Friedlander commented that life insurers are increasingly seeing younger people claiming for cancer. “People often associate cancer with older people, but the data is showing us that young people are as vulnerable to cancer as older adults.” For young professionals, who are in the career-building phase of their working life, the impact of a cancer diagnosis on their ability to work and perform can be tough. “Younger people should consider the impact of a cancer diagnosis on their daily lives. They often need significant time off work while they undergo treatment and recover. The ability to stop working for the duration of treatment, while having sufficient insurance and protection in place, is therefore an important consideration.”

Discovery Life’s research shows that a large portion of young people aged 21 to 30 who submit cancer-related claims are diagnosed with haematological or blood cancers, like leukaemia and lymphoma. “These illnesses require chemotherapy, follow-up care and intensive treatment, significantly affecting the person’s ability to continue working,” says Friedlander.

Although research and claims data show that people can be affected by cancer at any age, even when they are young, young people often delay purchasing life insurance until later in life. So are young people overly optimistic about their health and finances and is this why they are not getting cover?
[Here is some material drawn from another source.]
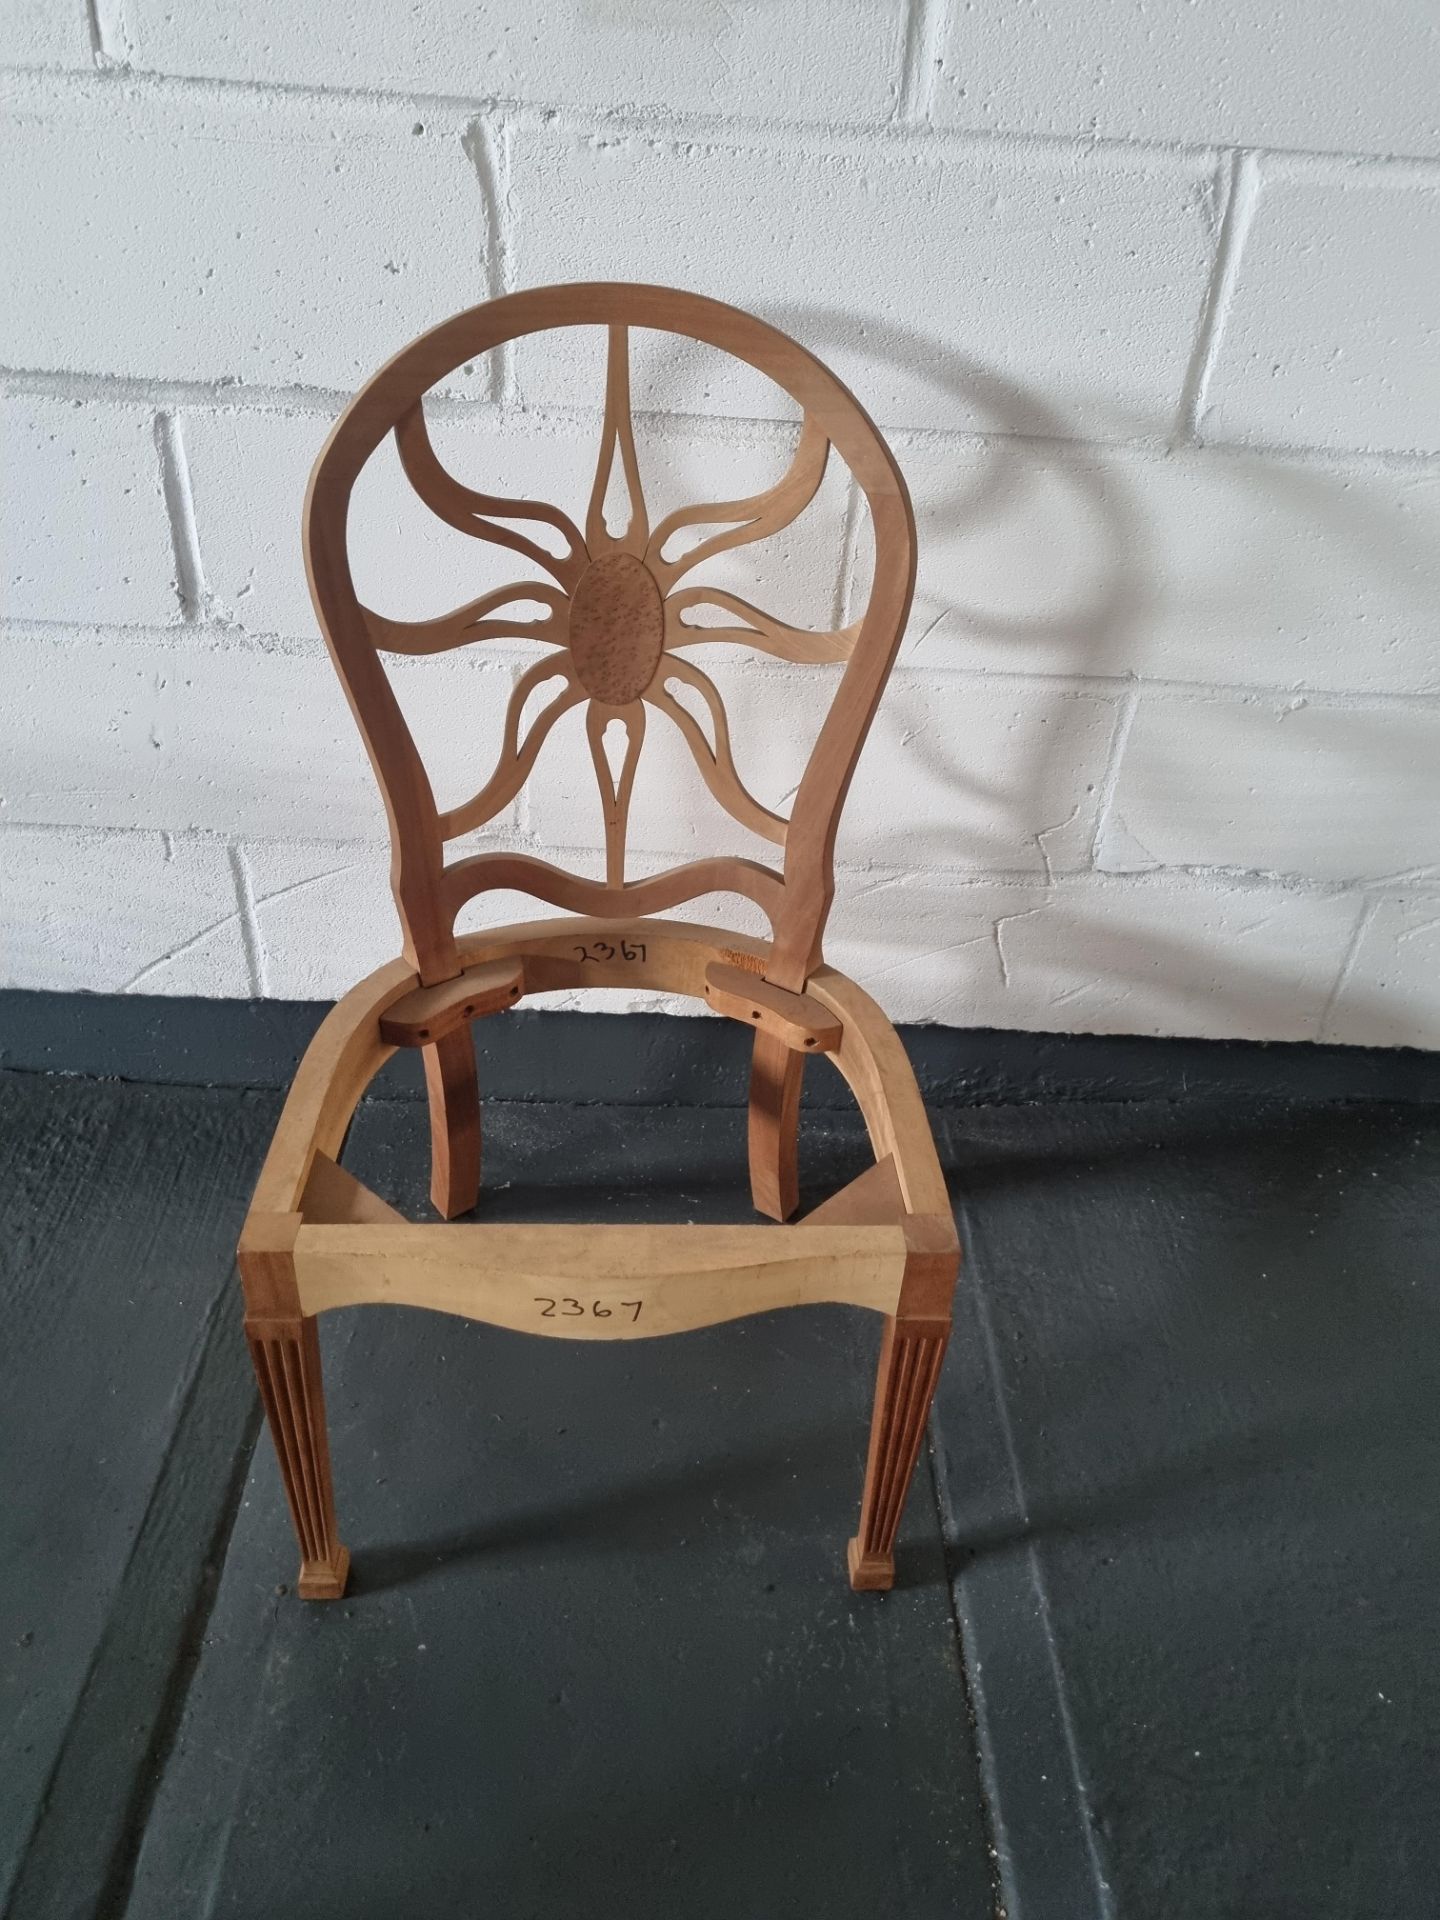 Arthur Brett Unupholstered & Unfinished Sunburst Side Chair George III Style The Unusual Design - Bild 3 aus 5

Discovery Life’s research says they are. “Early on in their career, on intern- and articles-level salaries, young people might be saddled with student loans or trying to manage expectations that they will help cover family expenses,” says Friedlander. “Seeking out insurance cover may not feature high on their list of priorities when it should. This is exactly why their biggest assets – their body and mind, and the ability to generate current and future income – need protection. Being overly optimistic about their health risks does young people a disservice. When you look at it, when you are young, life cover costs less than a month’s worth of cappuccinos – but its value for the duration of your life is priceless.”

“Yet, insurance is still a grudge purchase for many. And, we know millennials are quick to insure a cellphone or iPad, but not their lives or ability to work,” adds Friedlander.

There is a solution that can swing this mindset.

“Younger people tend to think life insurance is all about cover for when you die. It’s actually about having cover while you’re alive and when you need it most: for severe illness, like cancer, income protection and disability cover,” says Friedlander. “We design our cover to offer rewards for good habits – like healthy living – so that clients get something back at the end of a particular period. We are changing a grudge purchase into something that is rewarding and engaging. Both in South Africa and globally, Discovery’s Shared-value Insurance Model is ground-breaking in its ability to create positive behaviour change that lowers risk and allows us to pass back the resultant financial benefits to clients.”


The Discovery Health Medical Scheme is an independent non-profit entity governed by the Medical Schemes Act, and regulated by the Council for Medical Schemes. It is administered by a separate company, Discovery Health (Pty) Ltd, an authorised financial services provider.